Provides-Extra: anthropic
Requires-Dist: anthropic>=0.40.0; extra == "anthropic"
Provides-Extra: openai
Requires-Dist: openai>=1.0.0; extra == "openai"
Provides-Extra: groq
Requires-Dist: groq>=0.4.0; extra == "groq"
Provides-Extra: ai
Requires-Dist: anthropic>=0.40.0; extra == "ai"
Requires-Dist: openai>=1.0.0; extra == "ai"
Provides-Extra: all
Requires-Dist: pymysql>=1.1.0; extra == "all"
Requires-Dist: pymssql>=2.2.0; extra == "all"
Requires-Dist: anthropic>=0.40.0; extra == "all"
Requires-Dist: openai>=1.0.0; extra == "all"
Dynamic: license-file

# SeedForge

[![PyPI version](https://img.shields.io/pypi/v/seedforge.svg)](https://pypi.org/project/seedforge/)
[![Python](https://img.shields.io/pypi/pyversions/seedforge.svg)](https://pypi.org/project/seedforge/)
[![License: MIT](https://img.shields.io/badge/License-MIT-green.svg)](https://opensource.org/licenses/MIT)
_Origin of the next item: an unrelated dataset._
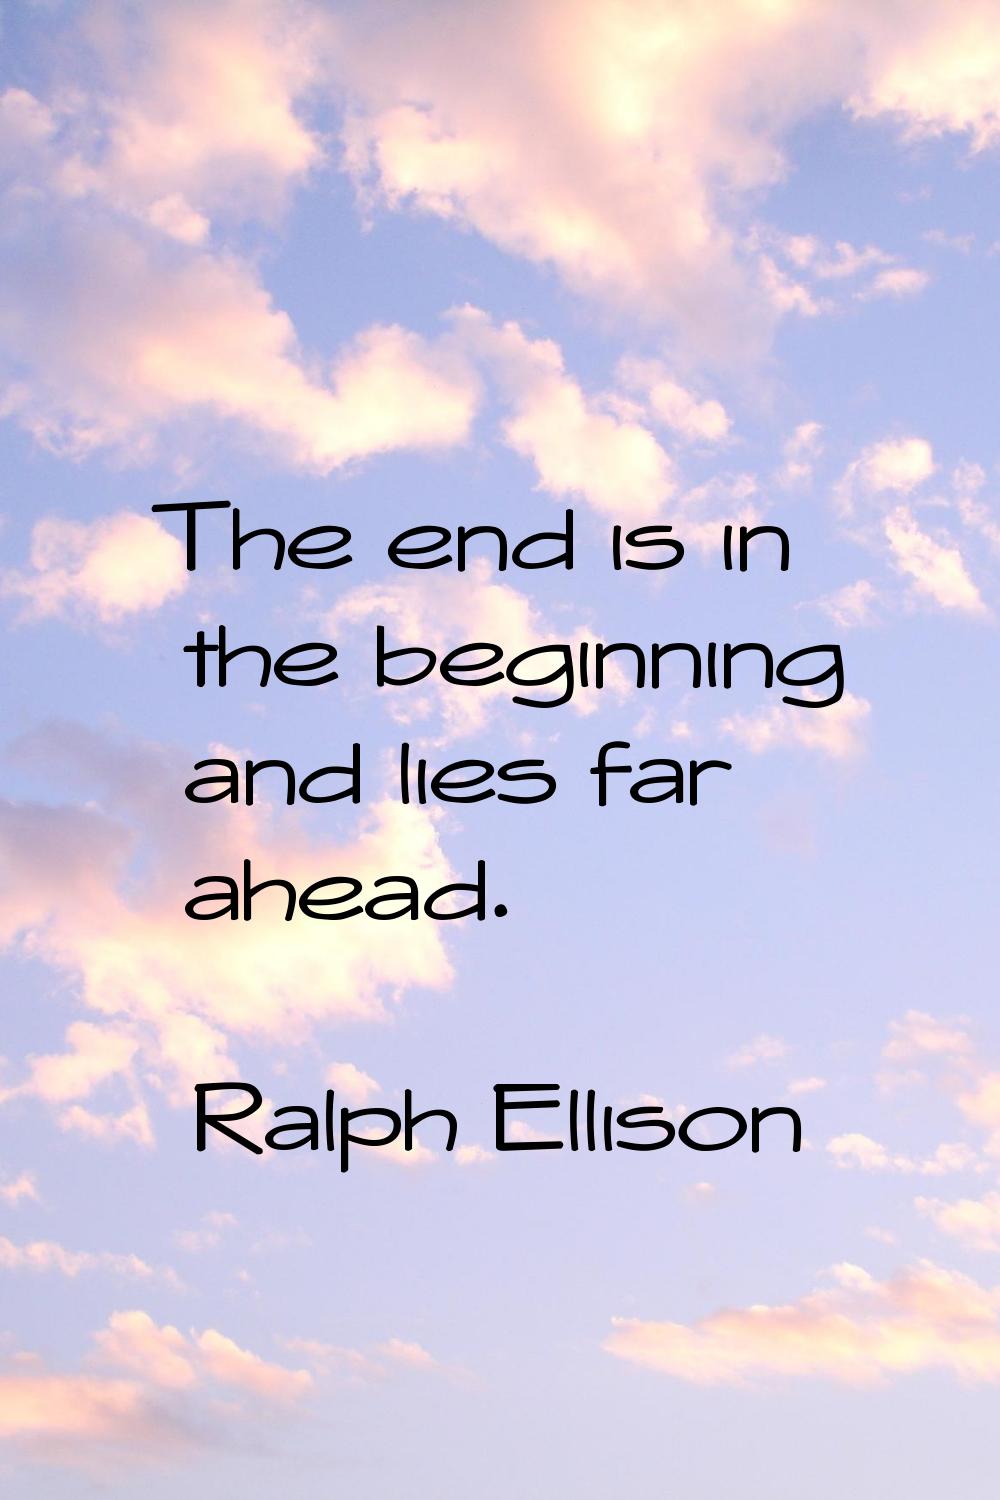 The end is in the beginning and lies far ahead.

Database seeding tool. Connects to your DB, reads the schema, generates realistic data with valid foreign keys.

![demo](demo.gif)

```bash
pip install seedforge
seedforge connect postgresql://user:pass@localhost/mydb
seedforge generate --rows 1000
```

## Why

I got tired of writing seed scripts by hand every time I start a new project. You know the drill — empty dashboards, nothing to test against, and if you copy prod data you're asking for GDPR trouble.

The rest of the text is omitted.